**Task statement**
Give the listing again, word for word, and let no picture into it.

**Collected material**
=== Section Start ===

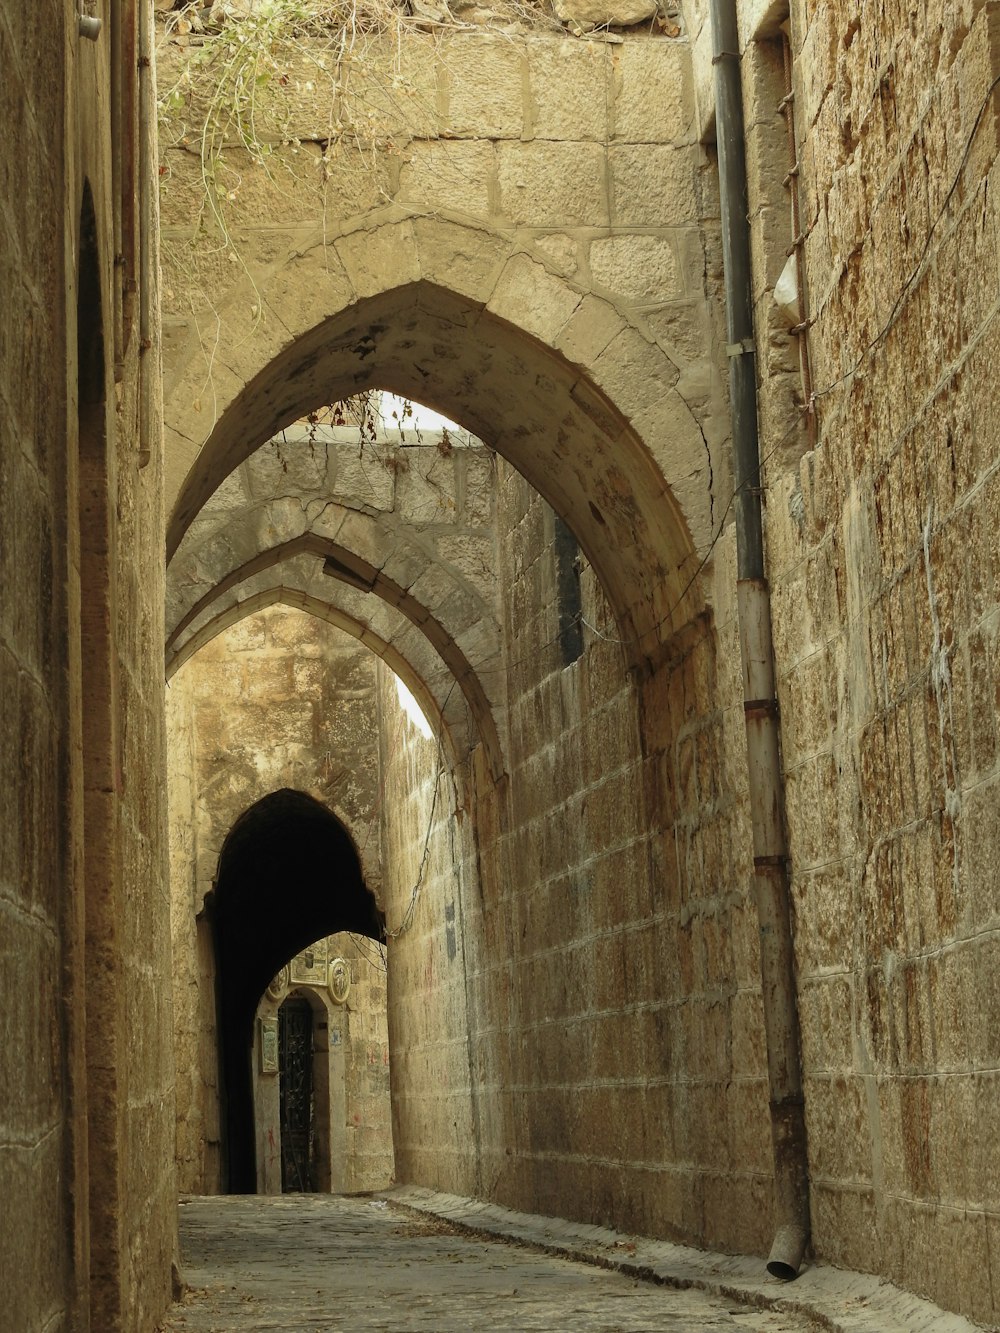 a narrow alley way with stone walls and arches
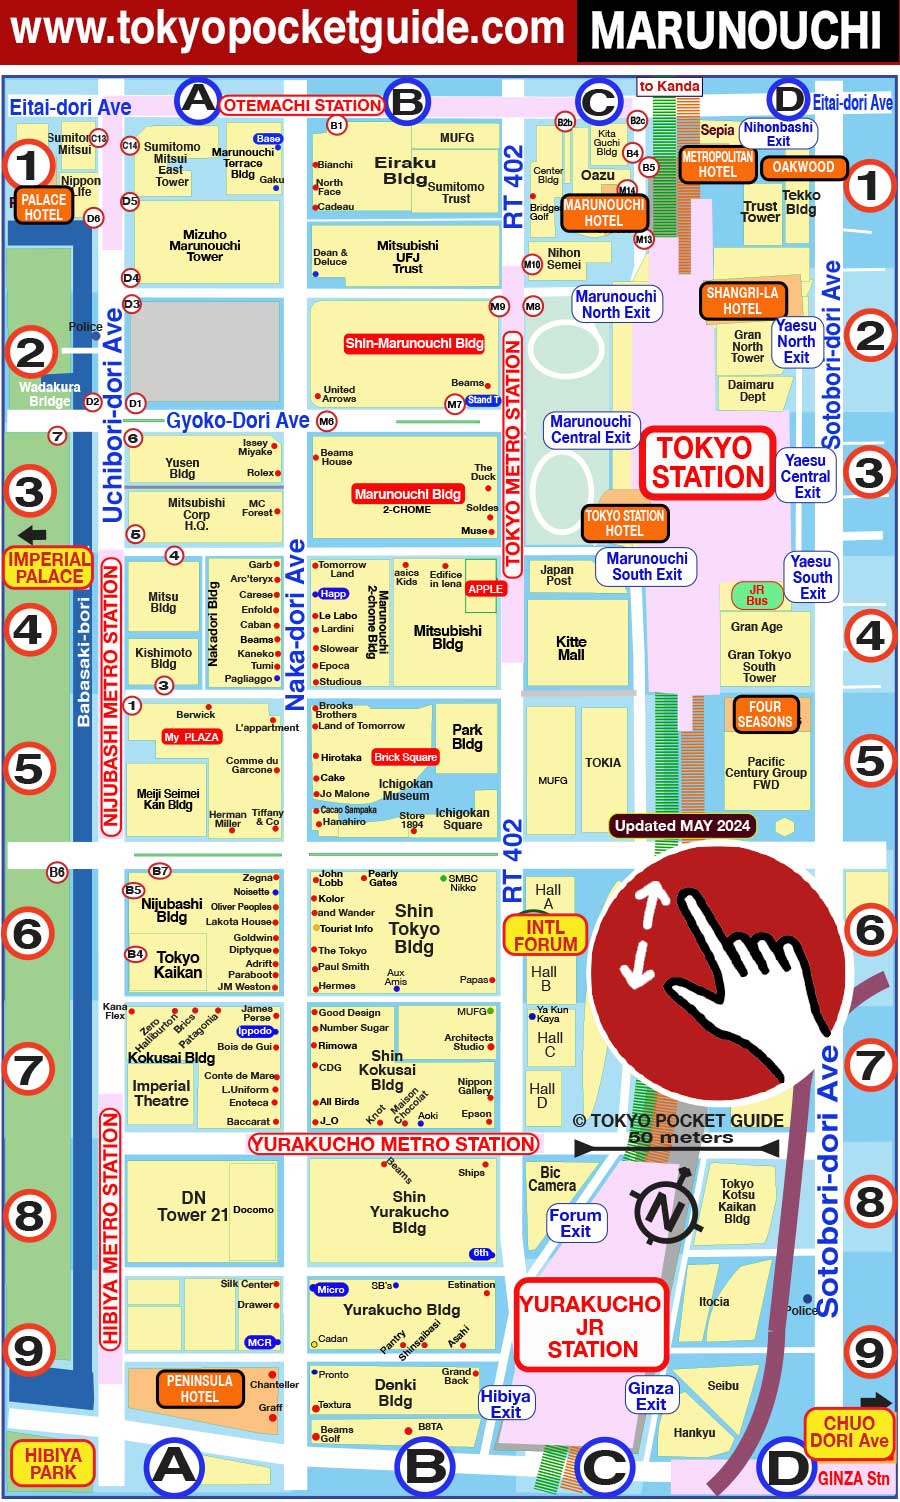 Tokyo Pocket Guide Tokyo Marunouchi Map In English For Shopping And Stores
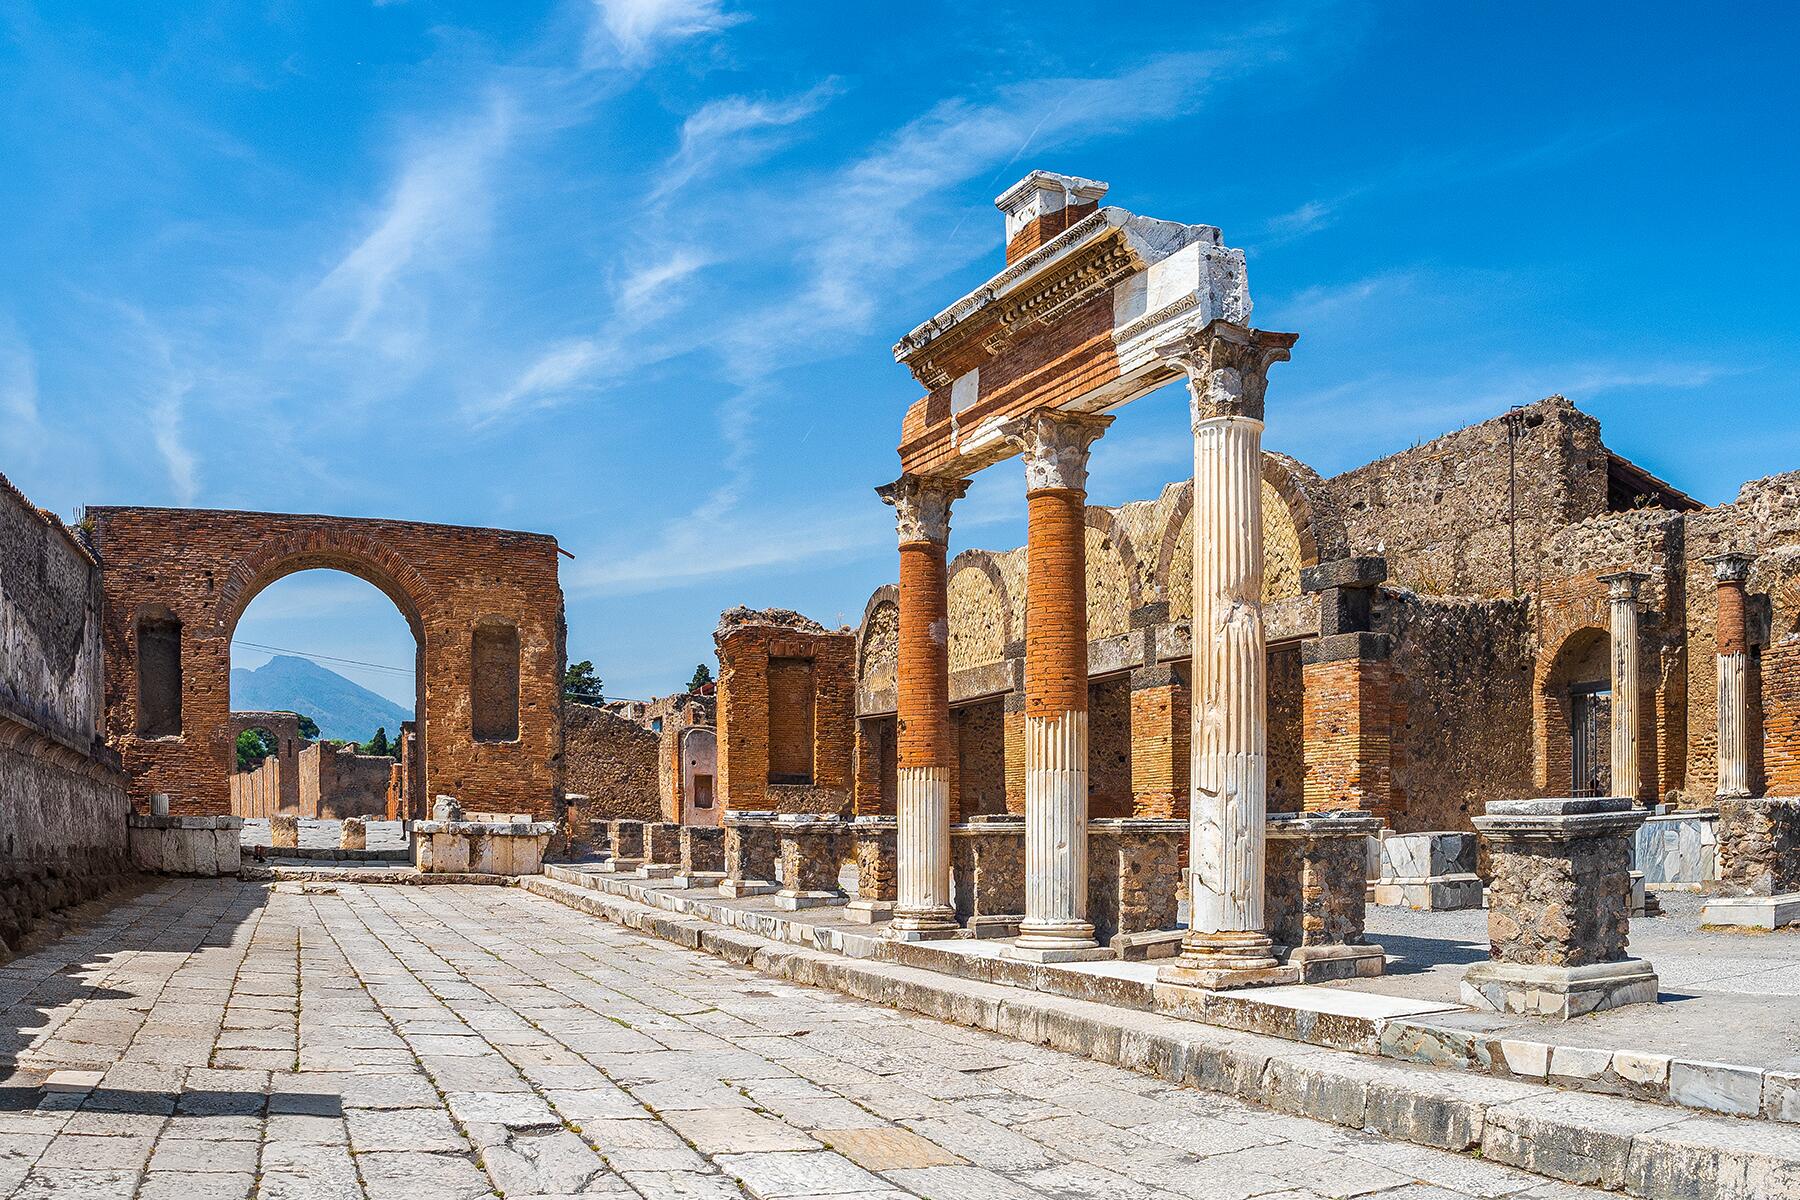 <a href='https://www.fodors.com/world/europe/italy/experiences/news/photos/common-scams-in-italy#'>From &quot;Watch Out for These 10 Common Scams When You’re in Italy This Summer: Pompeii’s “Tourist Office”&quot;</a>

=== Section End ===

**Solution**
 a narrow alley way with stone walls and arches
 Tokyo Pocket Guide Tokyo Marunouchi Map In English For Shopping And Stores
 <a href='https://www.fodors.com/world/europe/italy/experiences/news/photos/common-scams-in-italy#'>From &quot;Watch Out for These 10 Common Scams When You’re in Italy This Summer: Pompeii’s “Tourist Office”&quot;</a>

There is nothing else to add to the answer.